I’ve always personally preferred intense training over long-term endurance training personally for health benefits. Here i an article from NYTimes quoting its use to promote anti-aging as well.
- Researchers say that you should be able to maintain your muscles as you age, including the muscle enzymes needed for good athletic performance, and you should be able to maintain your ability to exercise for long periods near your so-called lactic threshold, meaning you are near maximum effort.
- “Train hard and train often,” said Hirofumi Tanaka, a 41-year-old soccer player and exercise physiologist at the University of Texas.
- Dr. Tanaka said he means doing things like regular interval training, repeatedly going all out, easing up, then going all out again. These workouts train your body to increase its oxygen consumption by allowing you to maintain an intense effort.

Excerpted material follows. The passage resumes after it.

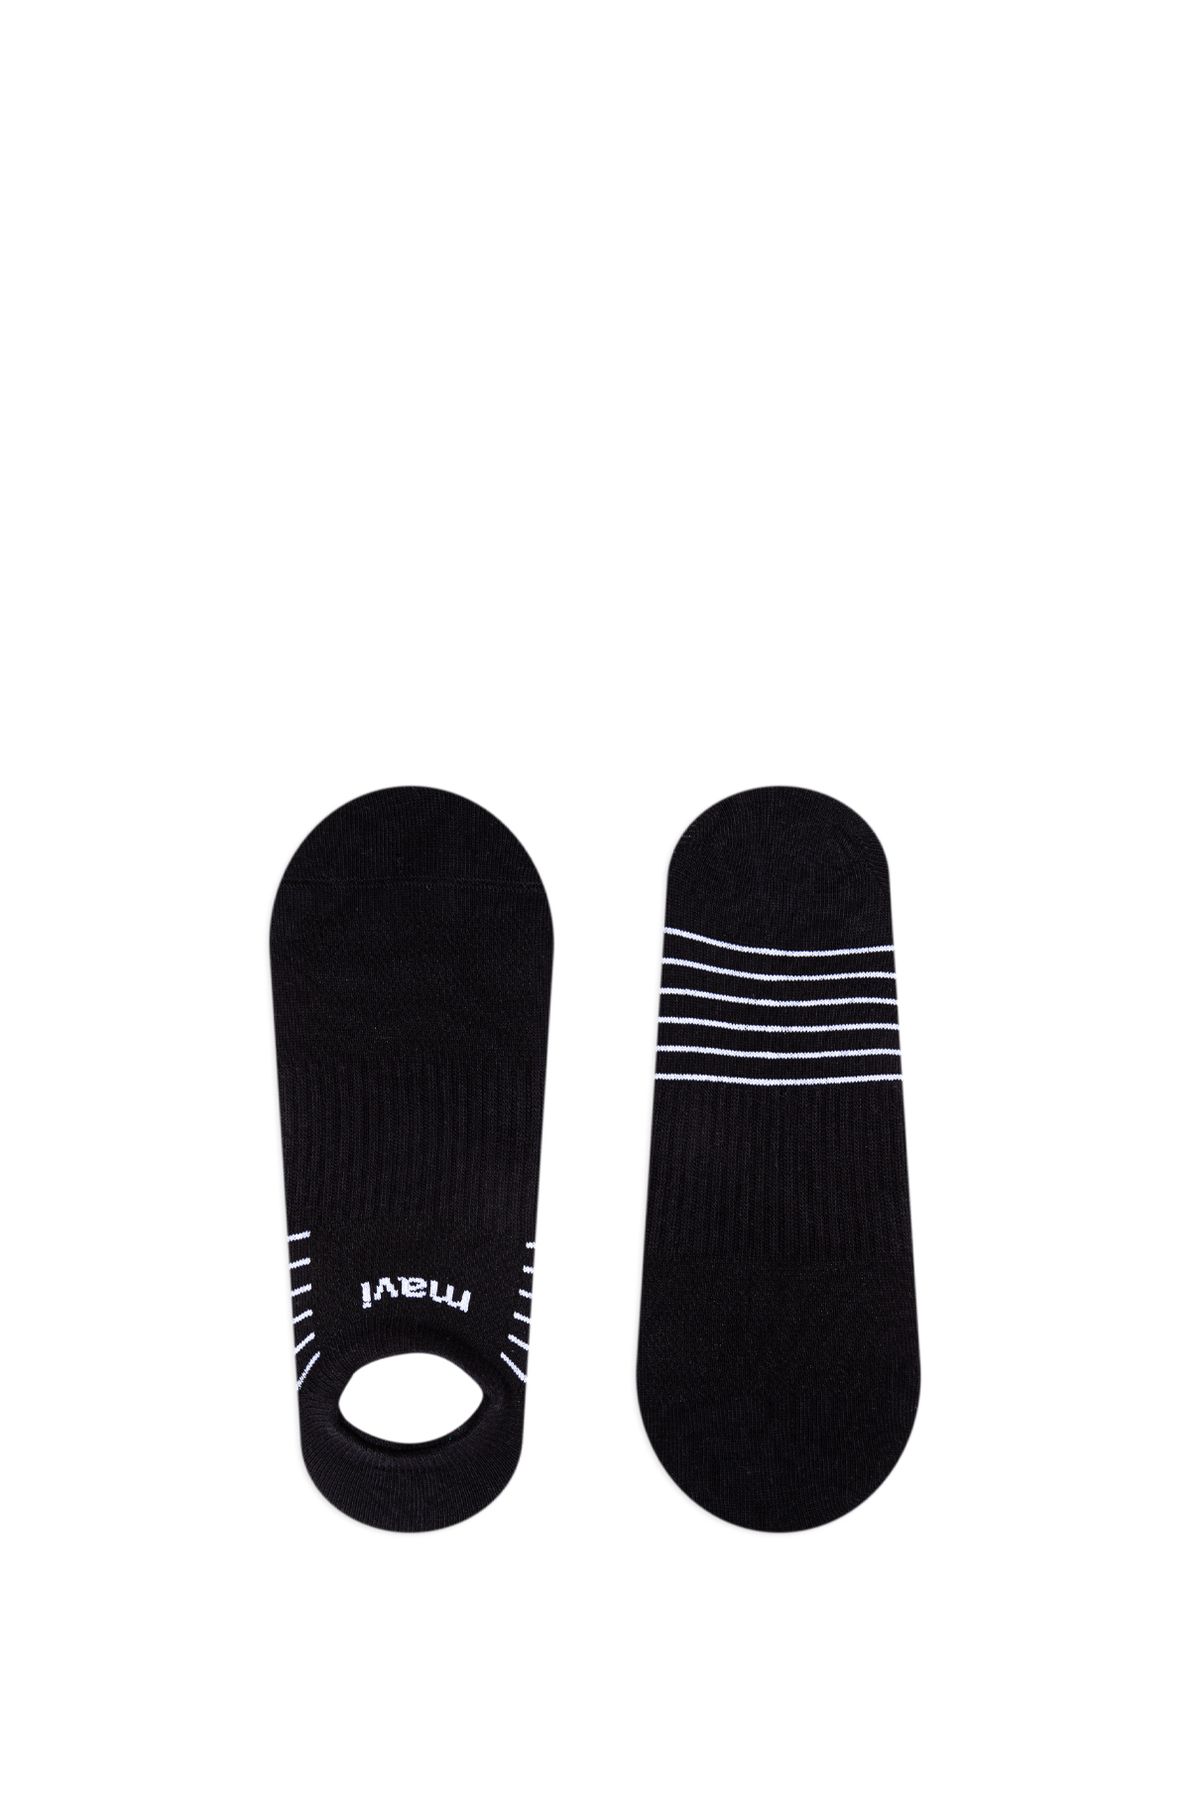 Mavi Siyah Babet Çorabı 0910773-900

- High performance is really determined more by intensity than volume,” he added. “Sometimes, when you’re older, something has to give. You can’t have both so you have to cut back on the volume. You need more rest days.”
- hmmm I like this one: She said, ‘Mom, if your workout didn’t hurt, you didn’t work hard enough,’ ” Ms. Dyson said.
Decline with Age
- The reason people become slower, though, is that oxygen consumption declines with age.
- In large part that is because, as has long been known, the maximum heart rate steadily falls by about seven to eight beats per minute per decade. As a result, the heart cannot pump as much blood at maximum effort.